Scan the material below for the string "Stock", and copy every line where it shows up.

%%

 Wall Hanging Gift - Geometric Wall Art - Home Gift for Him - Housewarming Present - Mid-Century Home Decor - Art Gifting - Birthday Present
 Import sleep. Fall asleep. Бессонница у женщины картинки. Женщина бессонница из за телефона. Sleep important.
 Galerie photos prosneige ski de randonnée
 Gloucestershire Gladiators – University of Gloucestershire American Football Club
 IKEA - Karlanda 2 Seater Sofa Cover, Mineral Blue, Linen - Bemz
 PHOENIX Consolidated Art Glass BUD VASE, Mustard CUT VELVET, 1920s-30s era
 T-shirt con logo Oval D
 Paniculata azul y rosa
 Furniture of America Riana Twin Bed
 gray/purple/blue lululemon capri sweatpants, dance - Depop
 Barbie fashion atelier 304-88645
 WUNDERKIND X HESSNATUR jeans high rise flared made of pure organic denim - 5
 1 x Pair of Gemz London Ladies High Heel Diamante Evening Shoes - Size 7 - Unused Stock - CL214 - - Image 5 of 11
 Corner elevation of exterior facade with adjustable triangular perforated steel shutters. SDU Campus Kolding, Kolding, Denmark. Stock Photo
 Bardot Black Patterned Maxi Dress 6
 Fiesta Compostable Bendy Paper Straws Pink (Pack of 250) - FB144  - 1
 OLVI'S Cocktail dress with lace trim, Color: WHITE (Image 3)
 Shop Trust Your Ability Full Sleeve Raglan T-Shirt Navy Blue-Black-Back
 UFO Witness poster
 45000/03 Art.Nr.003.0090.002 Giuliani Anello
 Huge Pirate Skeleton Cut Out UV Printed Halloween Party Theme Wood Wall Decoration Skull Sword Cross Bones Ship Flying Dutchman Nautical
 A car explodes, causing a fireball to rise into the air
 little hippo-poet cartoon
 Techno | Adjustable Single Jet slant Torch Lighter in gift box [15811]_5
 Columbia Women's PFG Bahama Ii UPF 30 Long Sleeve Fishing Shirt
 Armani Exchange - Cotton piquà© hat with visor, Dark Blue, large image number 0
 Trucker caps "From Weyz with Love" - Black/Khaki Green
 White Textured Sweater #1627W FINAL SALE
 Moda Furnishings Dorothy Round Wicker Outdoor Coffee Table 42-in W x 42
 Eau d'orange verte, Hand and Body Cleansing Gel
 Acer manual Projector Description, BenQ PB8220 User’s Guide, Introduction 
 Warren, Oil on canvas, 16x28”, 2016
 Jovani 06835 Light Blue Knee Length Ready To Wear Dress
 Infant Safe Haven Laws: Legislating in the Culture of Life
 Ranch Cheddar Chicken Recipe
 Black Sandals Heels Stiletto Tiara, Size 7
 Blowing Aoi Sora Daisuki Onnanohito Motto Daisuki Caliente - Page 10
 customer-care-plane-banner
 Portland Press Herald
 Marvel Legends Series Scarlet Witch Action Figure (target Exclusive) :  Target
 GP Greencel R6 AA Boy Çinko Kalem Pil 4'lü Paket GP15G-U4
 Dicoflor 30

%%

• Solution to the exercise:
 1 x Pair of Gemz London Ladies High Heel Diamante Evening Shoes - Size 7 - Unused Stock - CL214 - - Image 5 of 11
 Corner elevation of exterior facade with adjustable triangular perforated steel shutters. SDU Campus Kolding, Kolding, Denmark. Stock Photo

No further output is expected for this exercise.